Jack Dongarra of University of Tennessee, Knowxville received the 2013 ACM-IEEE Computer Society Ken Kennedy Award for "his influential contributions to mathematical software, performance measurement, and parallel programming, and significant leadership and service within the HPC community." Dongarra’s influence is felt in the many popular software packages on which he has worked and that include the results of his research. Those software packages include the popular LINPACK library, which has served as the benchmark measure for the 500 fastest computers in the world since 1993, as well as more recent software packages that are used to efficiently and effectively solve the complex equations underpinning many applications of interest in the HPC community. He has also developed parallel processing and programming methods that have been critical in increasing the performance of HPC systems.

In addition to his role as a Distinguished Professor at the University of Tennessee, Dongarra is a Senior Research Staff Scientist at Oak Ridge National Laboratory, a Turing Fellow at the University of Manchester, and an Adjunct Professor at Rice University. He is also the Director of the Innovative Computing Laboratory and the Center for Information Technology Research at the University of Tennessee.

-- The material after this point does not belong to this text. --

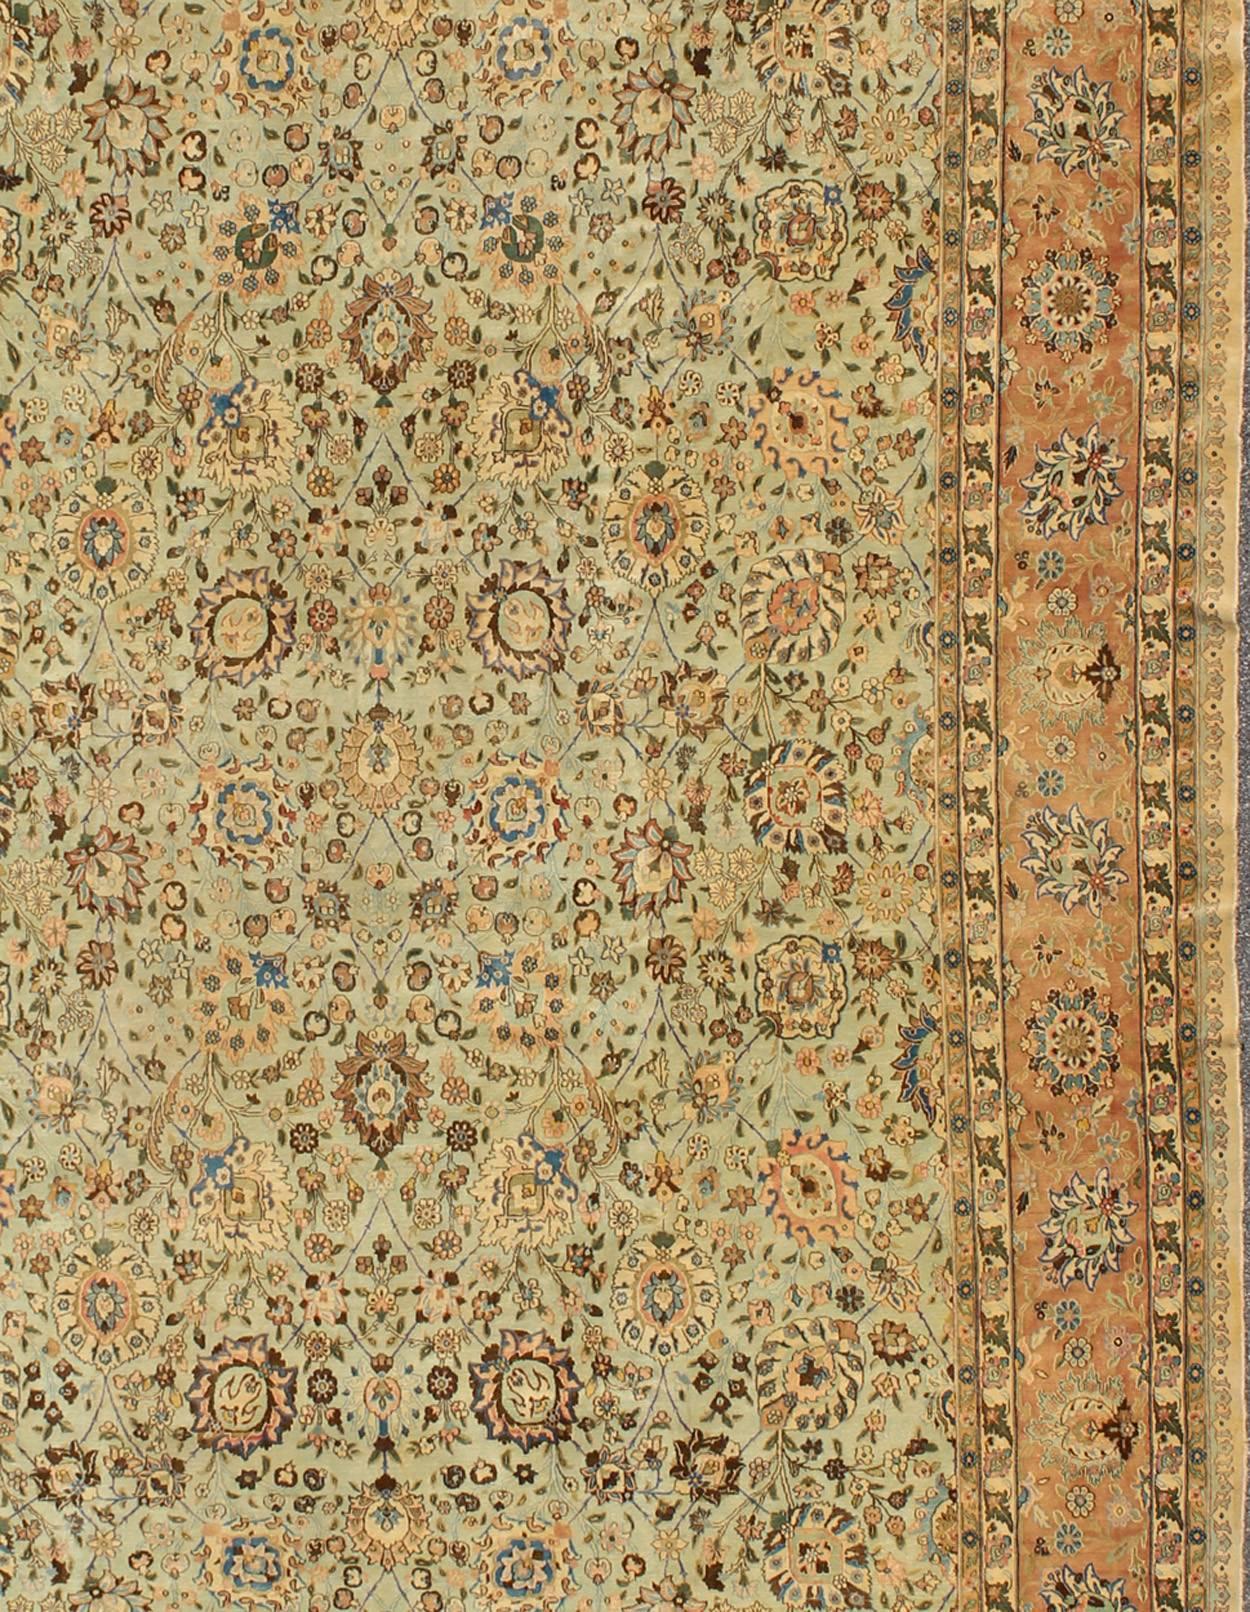 Hand-Knotted Vintage Persian Tabriz Rug, Intricate Floral Design in Light Green and Salmon

As well as being an elected an ACM Fellow in 2001, Dongarra is also an AAAS, IEEE, and SIAM Fellow, and a member of the National Academy of Engineering. In addition, he received the IEEE Sidney Fernbach Award in 2004 for his innovations in HPC; the IEEE Medal of Excellence in Scalable Computing in 2008; the SIAM Special Interest Group on Supercomputing award for his career achievements in 2010; and the IEEE IPDPS Charles Babbage Award in 2011.

After receiving a bachelor’s in Mathematics from Chicago University in 1972, Dongarra pursued a master’s in Computer Science from the Illinois Institute of Technology in 1973. Dongarra received his Ph.D. in Applied Mathematics from the University of New Mexico in 1980.

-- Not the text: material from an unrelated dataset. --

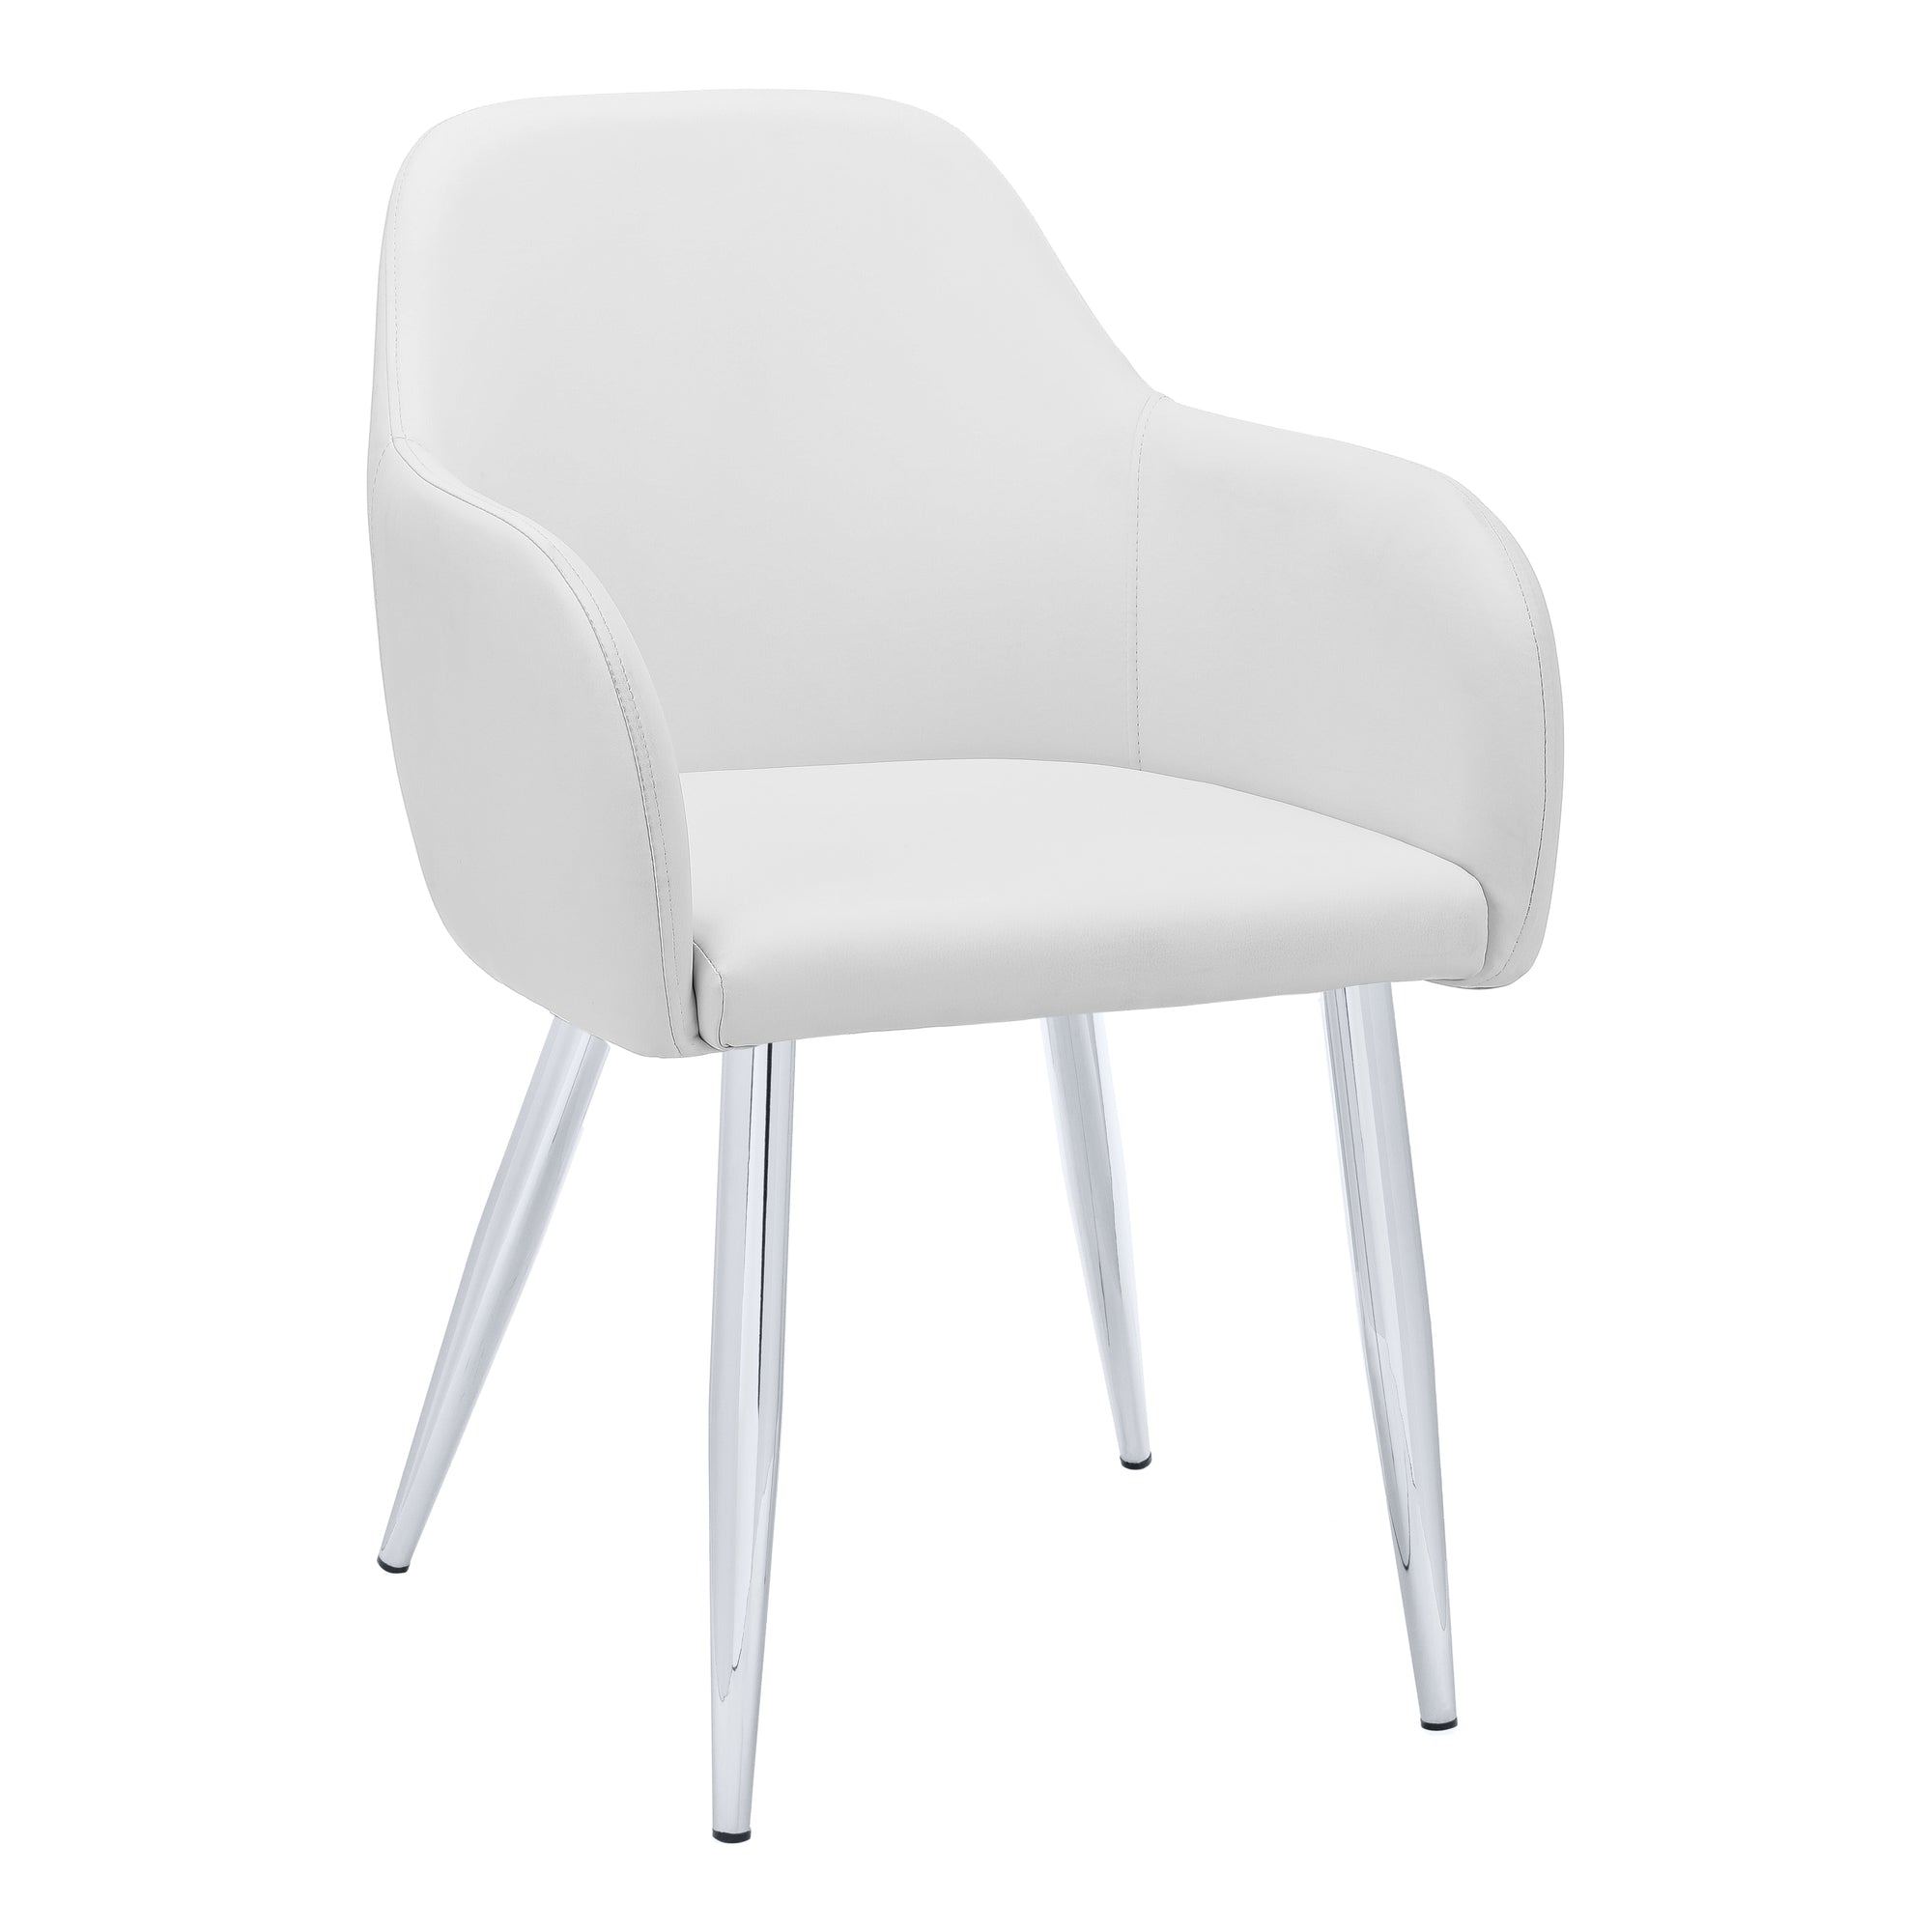 Mullan Luxury High-Arm Dining Chair With Chrome Finished Legs (Set of 2 - White)

Mary Lou Soffa, University of Virginia

Winner of the 2012 Award

Mary Lou Soffa received the ACM-IEEE Computer Society Ken Kennedy Award for "her contributions to detecting and managing software security flaws." She developed software tools for debugging and testing programs to eliminate or reduce false alarms and improve operating efficiency. Her research has produced automatic, practical solutions in software engineering, and systems programming languages for improving software reliability, security and productivity. The Kennedy Award citation for Dr. Soffa recognizes her for “contributions to compiler technology and software engineering, exemplary service to the profession, and life-long dedication to mentoring and improving diversity in computing.” She is currently the Owen R. Cheatham Professor at the University of Virginia.

A leading researcher in programming languages, Dr. Soffa provided analytical and experimental models for understanding, predicting, and verifying the optimization of software. In her recent work, she developed a unifying framework for optimizations which included code, optimization, and resources models. Her model-based strategies enabled optimizing compilers to produce higher-quality code, and to employ different paradigms than those previously in use.